Publié le 12 novembre 2025 à 13h13. L’annulation du diplôme de Juliana Guerrero, ancienne candidate au poste de vice-ministre de la Jeunesse, compromet les négociations en cours avec l’Europe pour la validation des diplômes colombiens, selon des sources diplomatiques.
- Le diplôme universitaire de Juliana Guerrero a été annulé par la Fondation Universitaire San José.
- Une enquête a révélé qu’elle ne s’était pas présentée aux examens nationaux requis pour l’obtention de son titre.
- Cette affaire a mis en péril les accords de validation des diplômes colombiens en Europe.
L’affaire Juliana Guerrero, dont le nom avait été proposé pour un poste de haut niveau au sein du gouvernement, a pris une tournure inattendue avec l’annulation de son diplôme par la Fondation Universitaire San José. La révélation qu’elle n’avait pas passé les épreuves d’État nécessaires pour obtenir sa qualification a déclenché une enquête menée conjointement par la députée Jennifer Pedraza et plusieurs médias.
Selon Julio Sánchez Cristo, directeur de La W Radio, les conséquences de cette affaire dépassent les frontières colombiennes. Il a souligné que les diplomates européens ont exprimé leur inquiétude quant à l’impact de cette situation sur les négociations en cours concernant la reconnaissance des diplômes colombiens en Europe.
« Les responsables diplomatiques européens me disent que ce petit problème ne reste pas en Colombie. Le cas de Guerrero et du titre acquis sans répondre aux exigences a eu un impact sur le travail judicieux que nos ambassadeurs accomplissaient en Europe.
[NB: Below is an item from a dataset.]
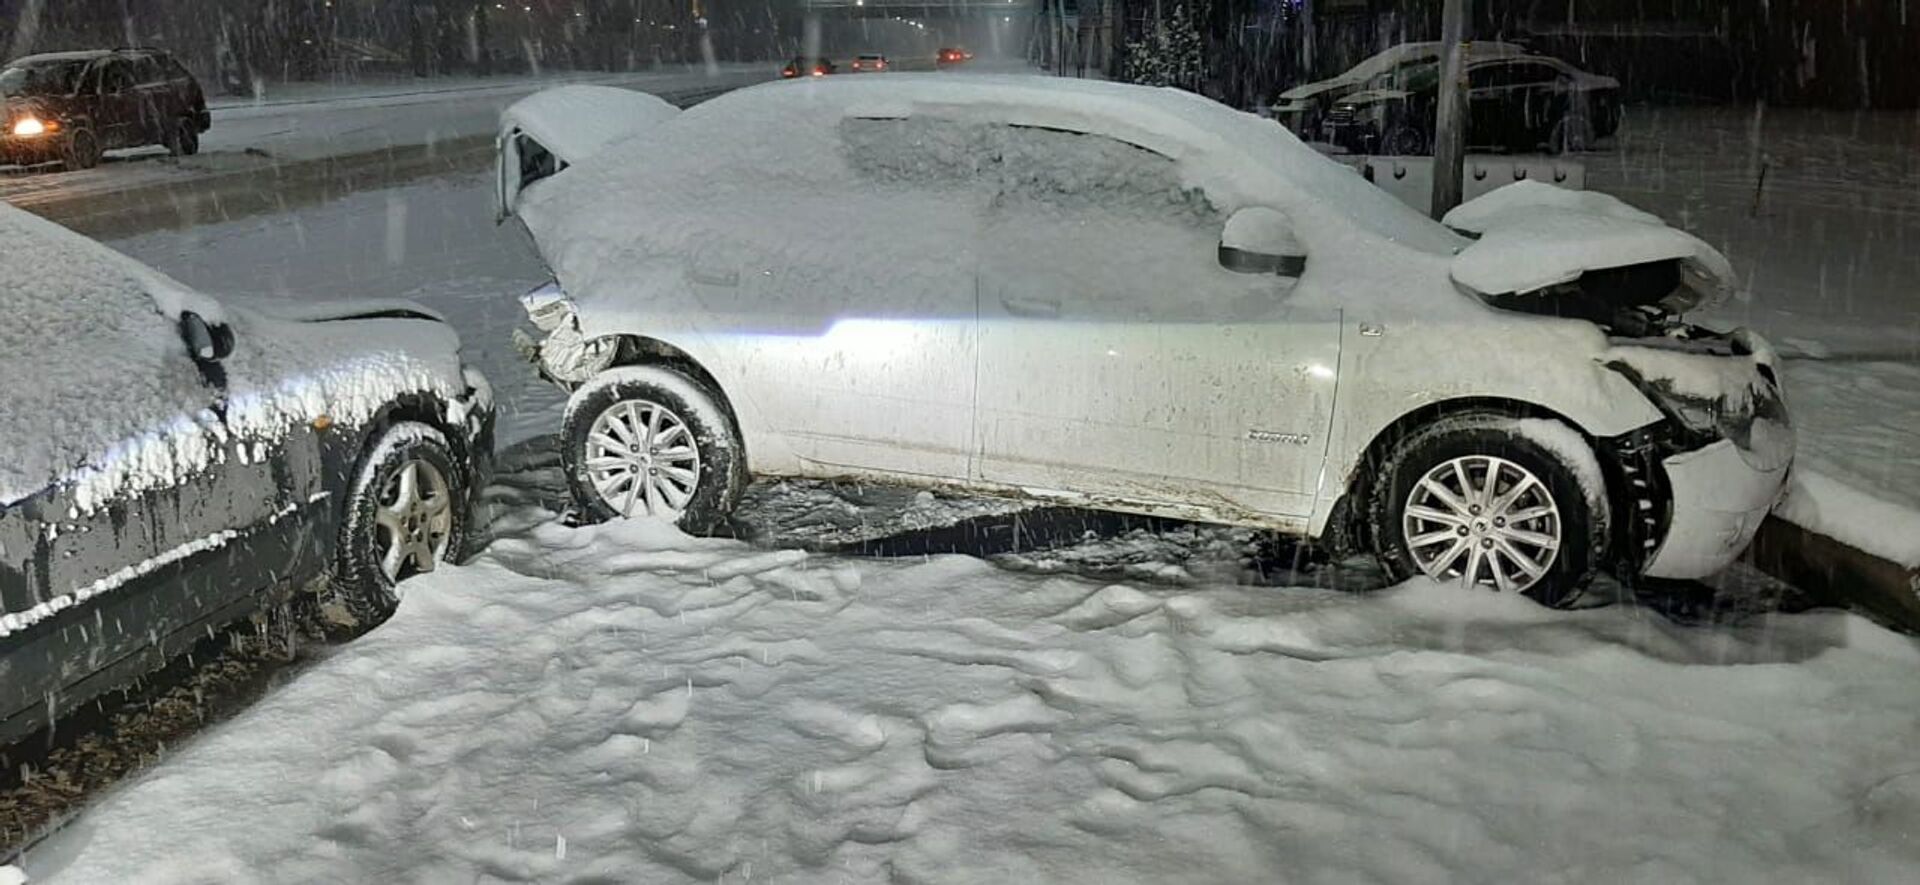 Снегопад привел к массовому ДТП в Алматы: пострадали пять человек - Sputnik Казахстан, 1920, 10.02.2021

Ils négociaient des accords de validation de titres au profit des Colombiens à l’étranger. Eh bien, ils viennent de se voir claquer la porte. »
Julio Sánchez Cristo, directeur de La W Radio
L’enquête a mis en lumière l’absence de toute trace de participation de Juliana Guerrero à des cours, comme l’a souligné Jennifer Pedraza. Cette affaire intervient à un moment crucial, alors que la Colombie s’efforce de faciliter la mobilité de ses citoyens et la reconnaissance de leurs qualifications professionnelles à l’étranger.
Les négociations avec l’Union Européenne, qui visaient à simplifier la procédure de validation des diplômes pour les Colombiens souhaitant travailler ou étudier en Europe, pourraient être retardées voire compromises par ce scandale. Les conséquences pour les milliers de Colombiens détenteurs de diplômes universitaires pourraient être significatives.